Where the previous definition was treating a curve a fixed distance to a geodesic as a circle, this definition here combines the curves at that distance on both sides of the geodesic into a single circle.
If you use the Beltrami-Klein model then this definition of a circle is the most reasonable one because both the lines of the moon shape in the Poincaré model correspond to a single conic tangent to the fundamental conic in the Beltrami-Klein model.
In this definition, you can construct a circle through three given points by first inverting any number of them in the unit circle, then constructing the Euclidean circle through them, then adding the inverse of that circle as well. There are $2^3=8$ choices which of the defining points you invert. But if you flip them all, i.e. invert all three points again, you end up with the same pair of Euclidean circles. So you count every circle twice, and end up with $4$ distinct circles thorough every three points. At least three of these will appear moon-shaped, perhaps even all four. Thus the uniqueness of your statement will be violated.
Just like the simple concept of “parallel line” from Euclidean geometry breaks down in hyperboloic geometry into different concepts of limit parallel, ultraparallel, both of these together or non-line constant distance curve depending on what definition you use, the concept of a circle breaks down in a similar way.

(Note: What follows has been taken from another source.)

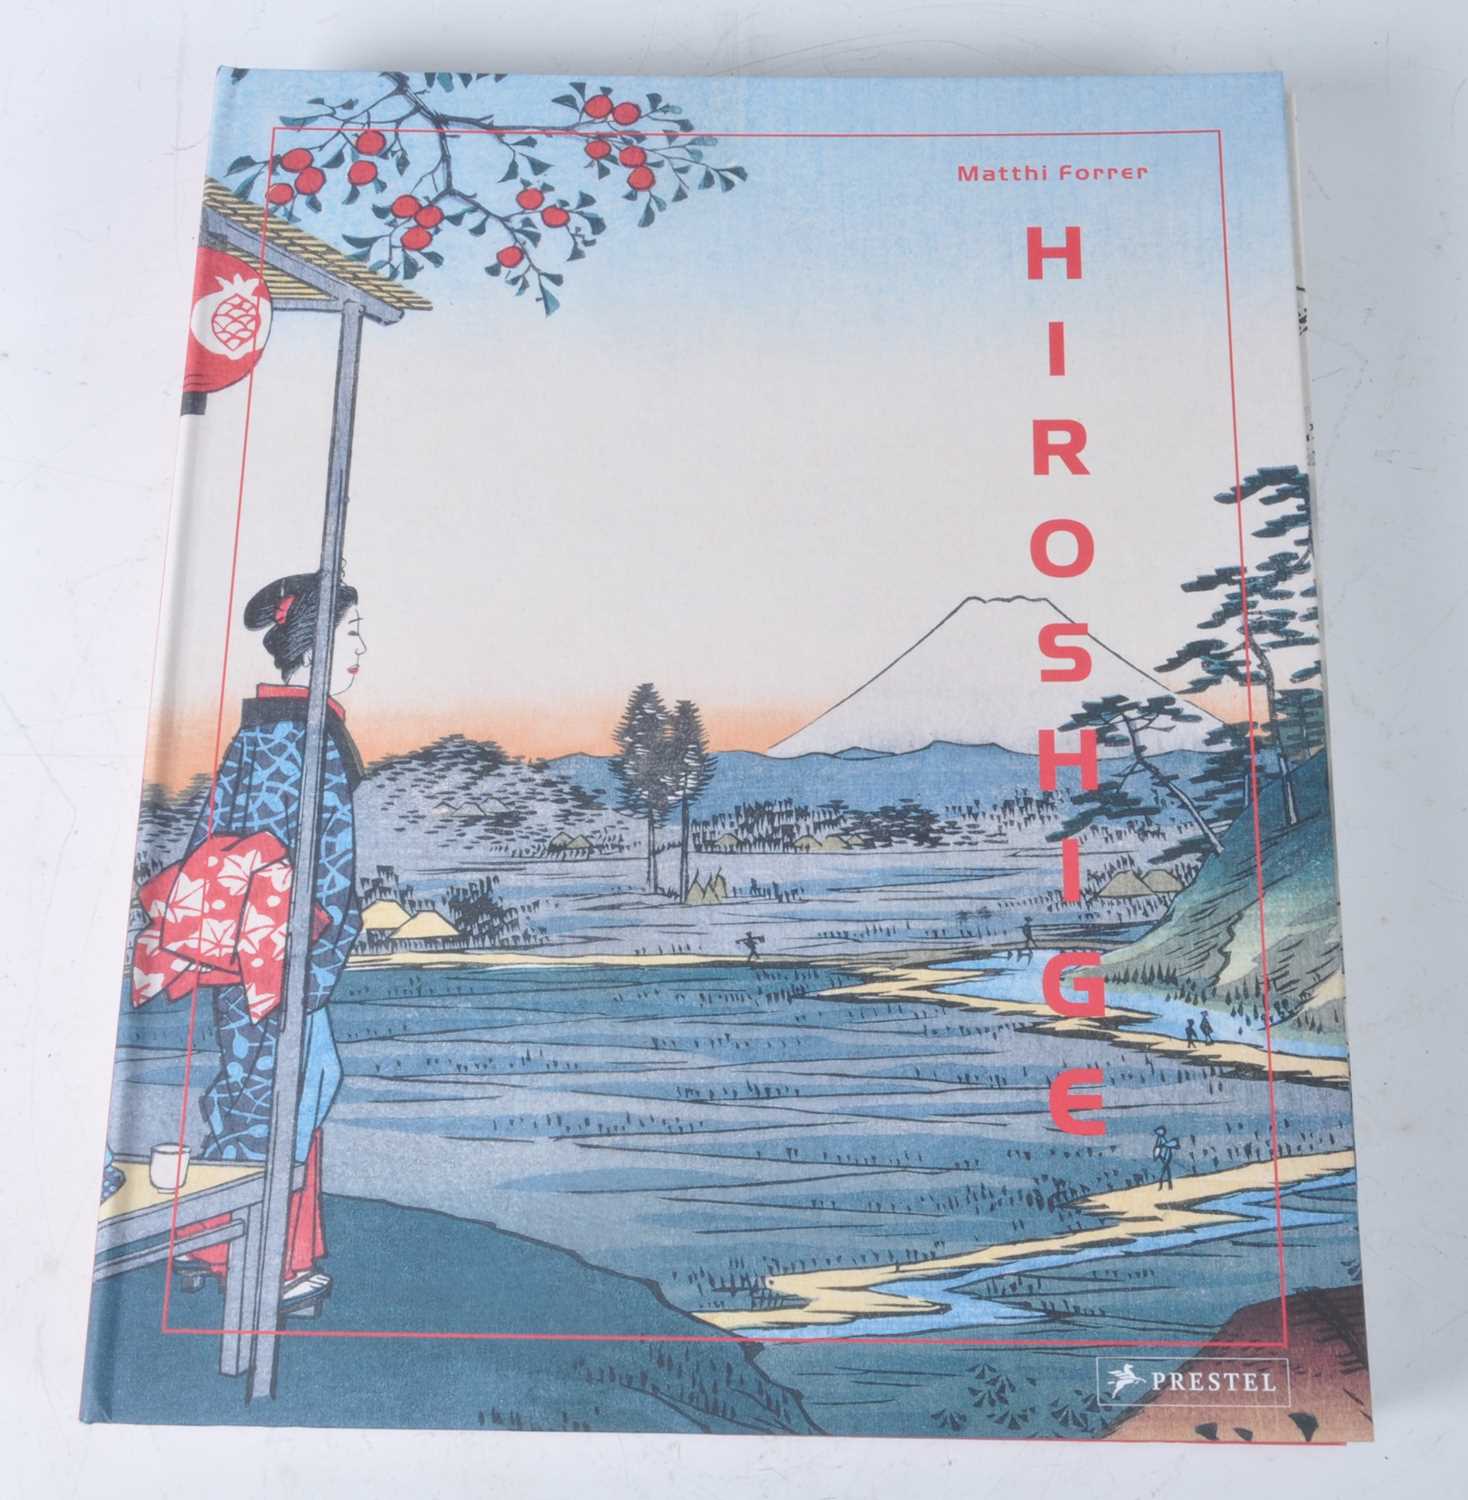 Forrer, Matthi: Hiroshige, Prestel, Munich, London, New York, hardcover with 300 reproductions in
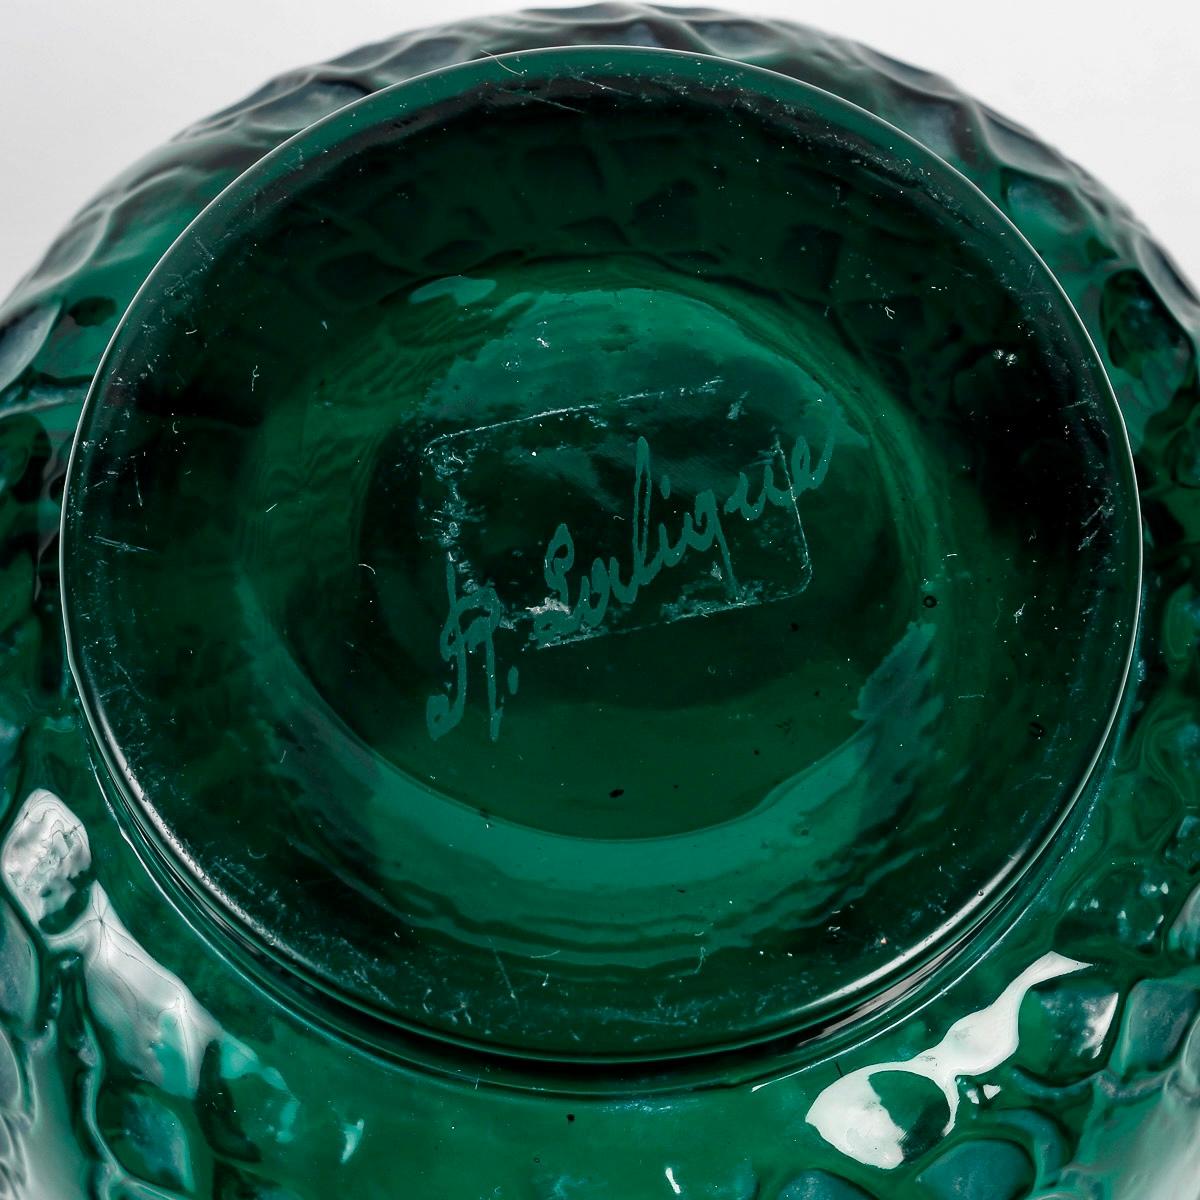 Molded 1921 Rene Lalique Vase Meduse Emerald Green Glass with White Patina For Sale

All of the above can be considered valid counterparts, and you need to distinguish them when discussing their properties.
Note that my arguments above essentially discuss the existence of a hyperbolic circle based on the existence of a Euclidean circle. So you need three points defining a Euclidean circle for that. There is a catch here in that the statement assumes the three point to not lie on a common hyperbolic line, but they might still be collinear in the Euclidean sense. To deal with that you should consider generalized circles, which include straight lines as a special case. Then three distinct points always define a unique Euclidean generalized circle, and all the above will work for that. In particular inversion in the unit circle may turn lines into circles and vice versa, so that too requires generalized circles to avoid dealing with special cases.